Гиббс понимающе улыбнулся:

– Хорошо, рассказывайте, какой у вас багаж, кроме того, что в трюме?

Наше уважение мистером Гиббсом чрезвычайно возросло, когда мы увидели, с какой легкостью он провел нас с нашим имуществом через таможню, меж тем как остальные пассажиры были заняты горячими дискуссиями с таможенниками в белой форме. Из порта нас быстро провезли по обсаженным деревьями красивым улицам Буэнос-Айреса и поселили в чудесной квартире миссис Гринслет с видом на гавань. Добрейшая хозяйка состояла в дружбе с Ларри Даррелом и весьма неразумно вызвалась принять нас у себя, когда мы прибудем, о чем у нее было предостаточно поводов жалеть впоследствии. А еще Ларри снабдил нас целым списком людей, с которыми нам следовало связаться, и главное место среди них занимала некая сеньора Бебита Феррейра.

– Вы просто обязаны познакомиться с этой милейшей женщиной и передать, что я буду любить ее до гроба, – сказал он. – Она спасла мой рассудок в Аргентине.

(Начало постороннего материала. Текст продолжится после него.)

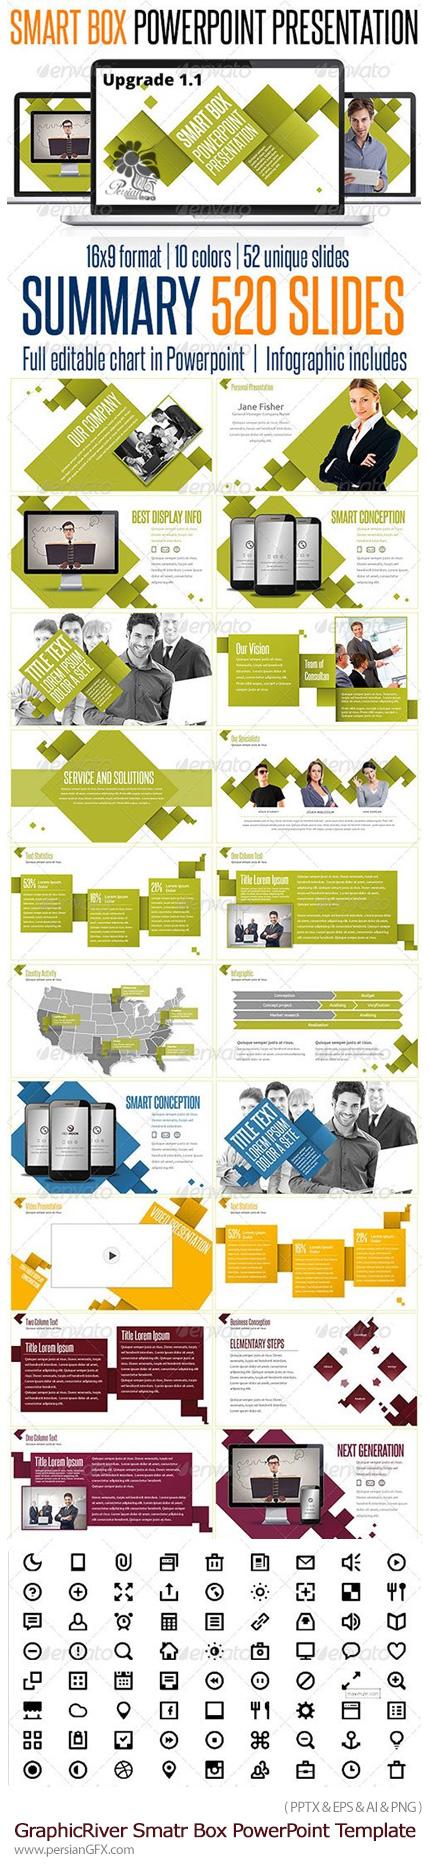 دانلود مجموعه قالب های آماده تجاری پاورپوینت از گرافیک ریور - GraphicRiver Smatr Box PowerPoint Presentation Template

После таких слов нам оставалось только подчиниться. Когда Джерри позвонил Бебите Феррейре, она пригласила нас к себе на ленч. В ту пору, в 1954 году, такси относилось к числу наиболее неуловимых предметов, и мы скоро усвоили, что надо либо ждать свободную машину полчаса, либо следовать пешком к месту назначения. Правда, на этот раз нам повезло, мы прождали всего четверть часа и на весьма ломаном испанском языке попросили отвезти нас в Калль-Посадос. Квартира Феррейры стала для нас спасительным прибежищем на те восемь месяцев, что мы провели в Южной Америке, а сама Бебита – нашим ангелом-хранителем, буквально творившим чудеса. Ей ничего не стоило найти пристанище для коллекции зверей или уговорить сердитого таксиста подвезти шестерку черношеих лебедей. Для нее не существовало невыполнимых задач, и к кому бы она ни обращалась, все это были прелестные, кроткие, милые люди – во всяком случае, в общении с ней.

Квартира сеньоры Феррейры была восхитительна – тихая и прохладная, и хозяйка явно заботилась о том, чтобы все вкусы гостей были удовлетворены – кругом лежали журналы и книги о современном искусстве, литературе, музыке, балете, а в маленькой гостиной стоял рояль, на котором были разложены ноты. Но больше всего наше внимание привлек висящий на одной стене большой портрет удивительно красивой женщины в роскошной шляпе с перьями, сидящей перед роялем.

– Уверена – это не она, – сказала я.

– Почему же, – возразил Джерри. – Была такой когда-то, только не теперь.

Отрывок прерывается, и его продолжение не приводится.